Ms. Pincette could call herself a coward and a failure and a useless lump of shit. She could hide all of that behind her prim and proper mask… yet she'd lied for me, made an illegal map for me, sent the spiders away for me time and time again…
That didn't seem cowardly.
My tongue was still heavy when it said, "Why me?"
Because I knew she'd never done this for anyone else. Knew it deep in the place those vines were rooted and my raw magic eddied, trying and trying and trying to wake up.
Ms. Pincette flicked an annoyed glance behind my shoulder, at the locusts.
"Oh, shut up," she barked at them—and they dropped into ringing quietness.
Then she leaned forward, got a good look at my face, and leaned back again.
"I sense something in you, Rayna. I don't know what it is, yet, but I've learned the hard way to always trust my gut."
She smiled that dry, cracked smile, and I thought of the spiders she'd sent away, suddenly feeling as if a few invisible ones were scuttling up and down my face.
But no, that was just the awareness in Ms. Pincette's eyes as she looked at me. Beheld me.
"My gut says that whatever you're leashing in there," she whispered finally, nodding at my chest, "is what could finally shatter this God-forsaken dome and free us all."
There was no Coen to greet me outside the Testing Center when I finally made my way down the stairs and pushed myself outside. My name had been called earlier than usual for Mr. Conine's test, so patches of pink still bruised the sky this time.
More people than I was used to milled by those lampposts to talk about their test results or lean over the railings and look out at the ocean. I hardly spared a glance at the ships dotting the dappled horizon, and was only focused on the direction of my own footsteps when I heard it—a distressed voice.
Dazmine's.
I shot a look over at the fountain, where she was facing Fergus and Jenia.
All three of them abruptly stopped talking when they noticed me. The gray in Jenia's eyes zeroed in on me, and she crossed her arms. Fergus's mouth formed a wicked V with his smile. Dazmine looked away.

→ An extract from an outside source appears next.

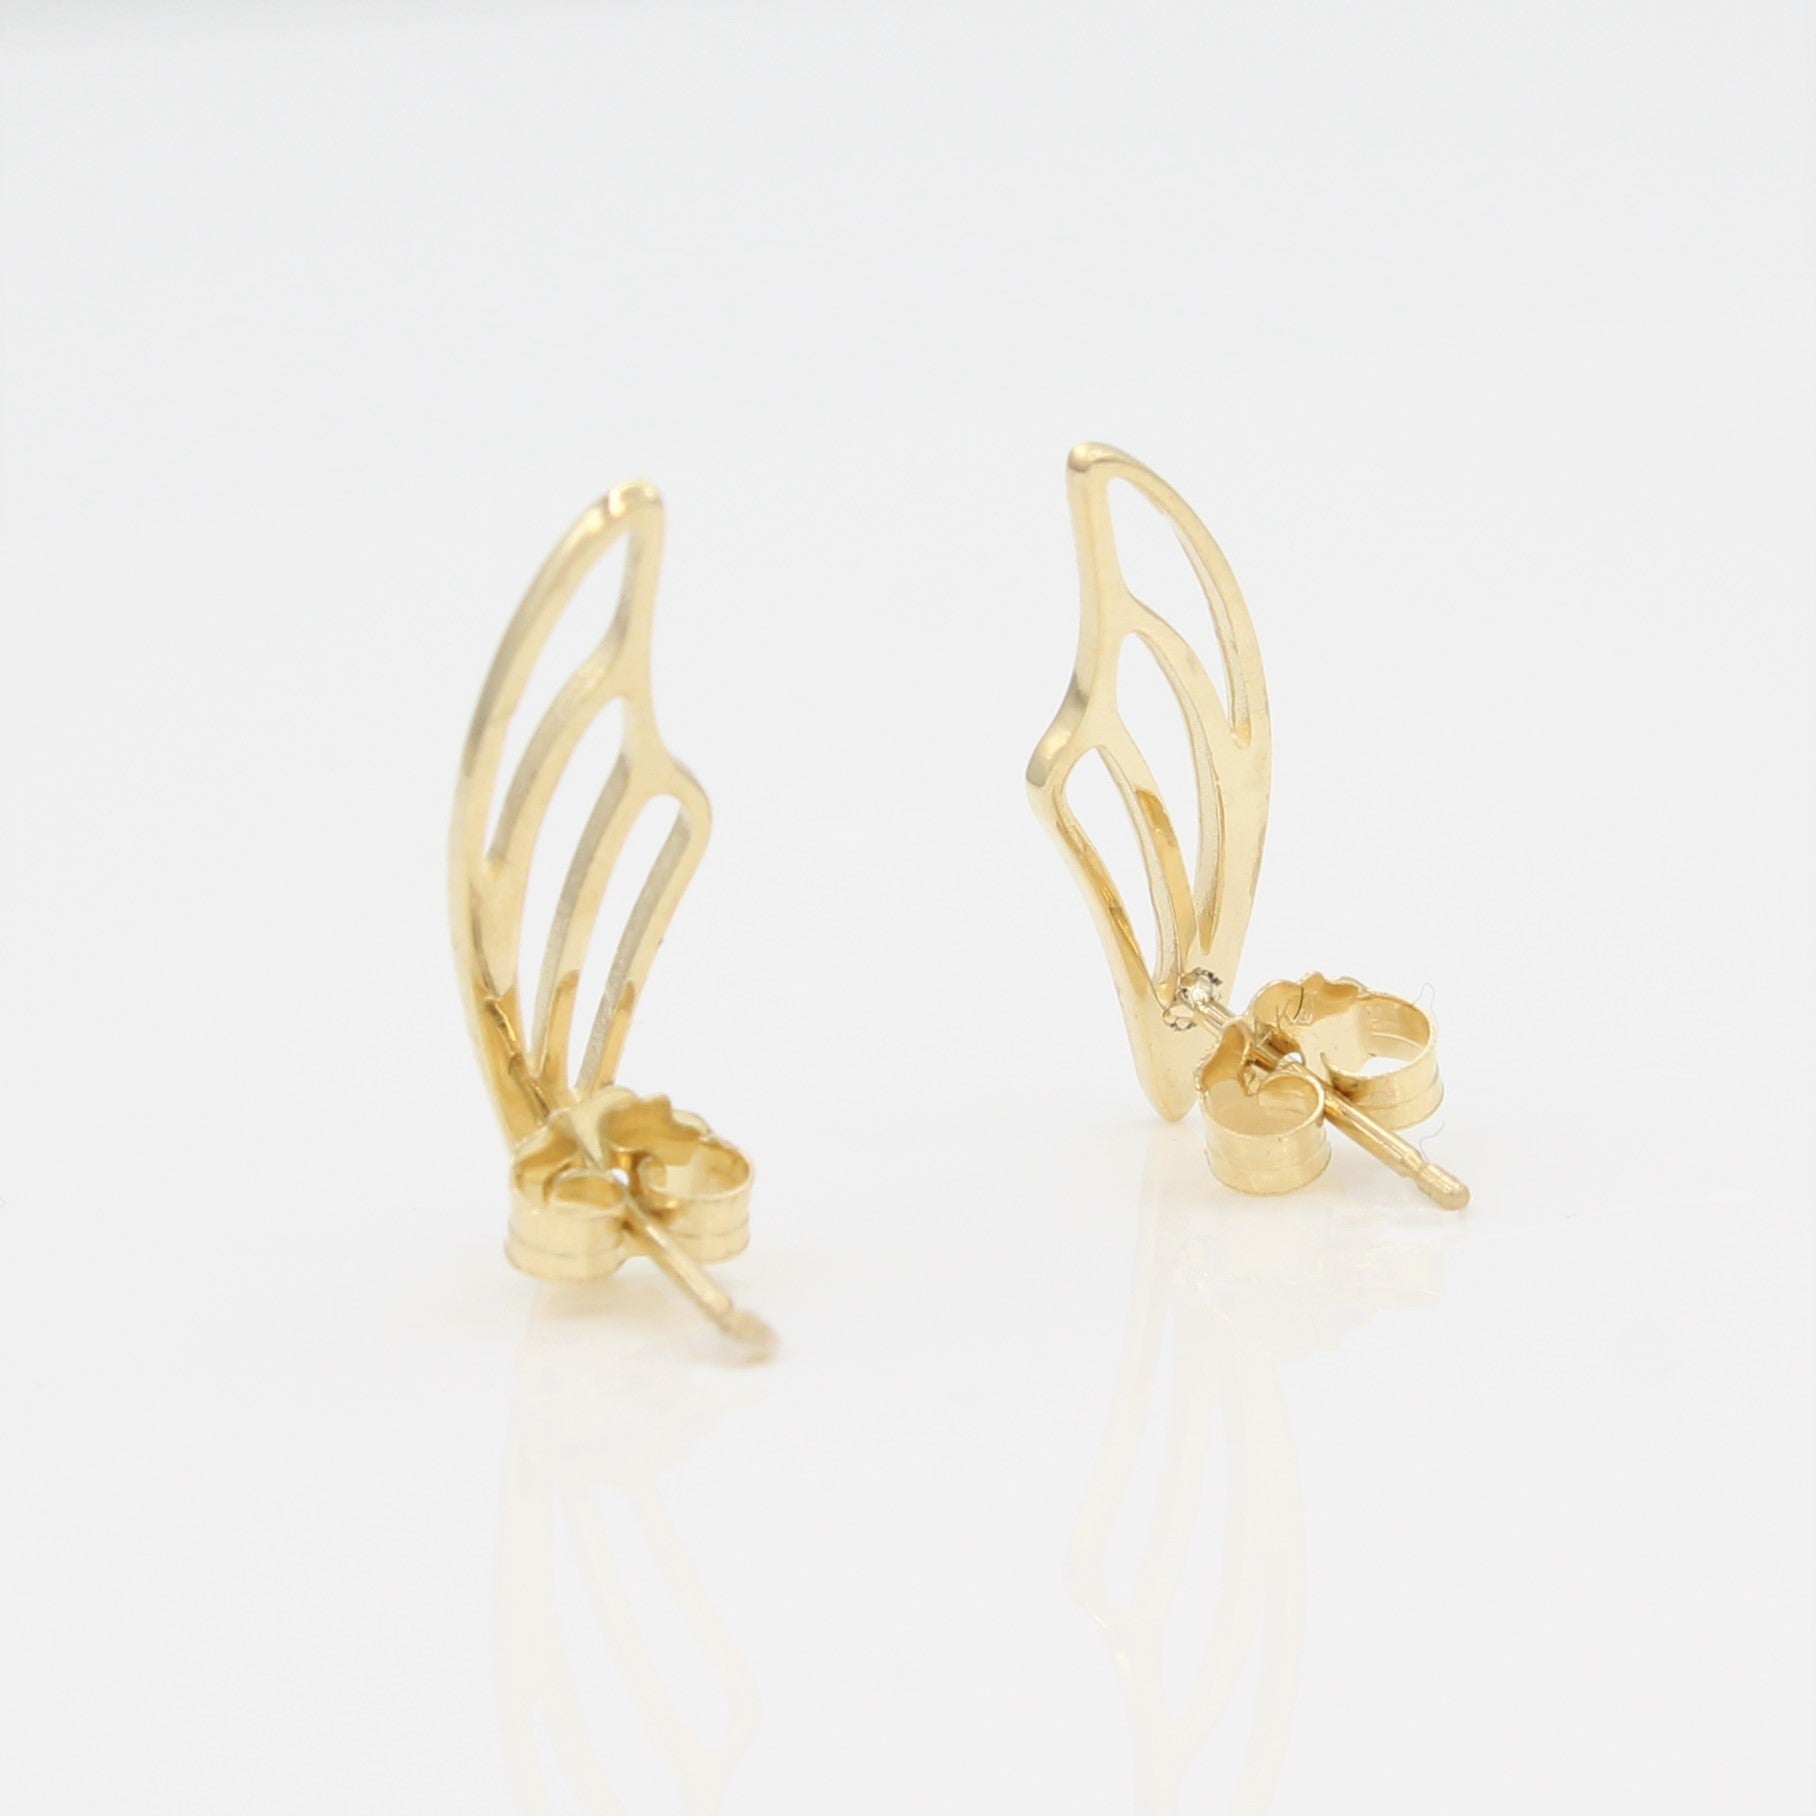 14k Yellow Gold Fairy Wing Ear Climbers Earrings with Posts, back view.

"Move along, Drey," Fergus called. "Unless you think you've got a little… fungal infection? In that case, I'd love to help you."
I recoiled. The verbiage. The knowing smile. He knew that I knew he'd killed Mr. Fenway, and he was casually inviting me to die the same way.
And since Kitterfol Lexington hadn't caught him the first time around—or if he had, he hadn't cared—Fergus could kill me without any immediate repercussions, no matter what the so-called rules were.
I didn't let myself recoil again. Didn't let the fear creep out onto my face. Instead, I deadpanned, "No, thanks," and strode off in the other direction.
When I was out of sight, though, when I had made it across the bridge and was on the safe side of Bascite Boulevard, I plunged into the foliage past one of the Element Wielder houses, where I crouched in the ferns until my heartbeat steadied.
Legs clicked among the leaves.
I paused. Counted to ten. Felt its hairy, twitching presence. And as those vines of frigid cold crawled up and down the inside of my spine, I found my voice again.
"What would it take," I breathed at the eight green-tinted eyes staring out at me from a nest of stems and leaves and spiderwebs, "for you to be my spy?"